For your first question, generally, yes that is correct; if you filter a 10KHz sinewave that has a DC offset with a filter that has a cutoff frequency below the frequency of the sinewave, then the sinewave would be rejected. The amount of rejection specifically depends on the performance of the filter, but given you said you have a 1KHz cutoff frequency, the sinewave is significantly higher and therefore sufficiently rejected.

I see in your plot that the order of the filter is 5, which for a Butterworth filter as also shown would have a rejection of 20dB/decade *5 (where 5 is the order of your filter), or 100 dB per decade. Depending on other factors such as your digital dynamic range, this suggests that you would be able to filter your 10KHz sine wave up to 100 dB (10KHz is a decade above the cutoff frequency).
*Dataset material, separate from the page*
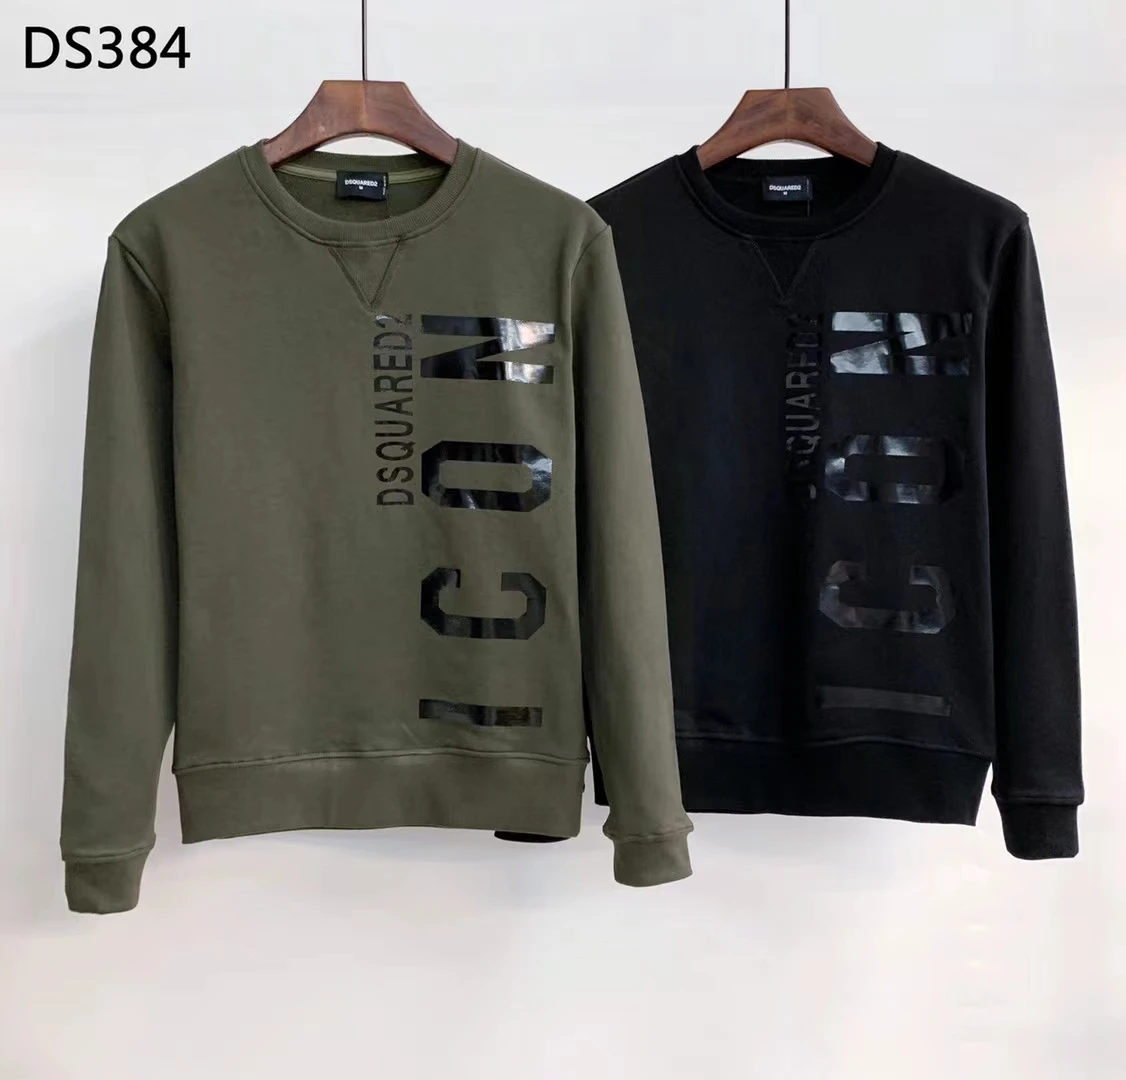 

2021 New Dsquared2 Italian Fashion Brand Men's Premium Printed Casual Sweater DS384

The DC signal, which is below the cutoff frequency would pass through to the output, unless something in your system blocked DC or introduced other DC -offsets (which is possible). Also the filter itself can have gain or loss, so the actual DC output level if it did pass through can be modified by this gain or loss accordingly.

For your second question, sampling frequency is the sampling rate for the signals passing through this digital filter implementation. From the figure, you are using a sampling rate of 200KHz, and yes this would be the sampling rate of the sinewave that is created.

I hope this helped to clear up some of your questions.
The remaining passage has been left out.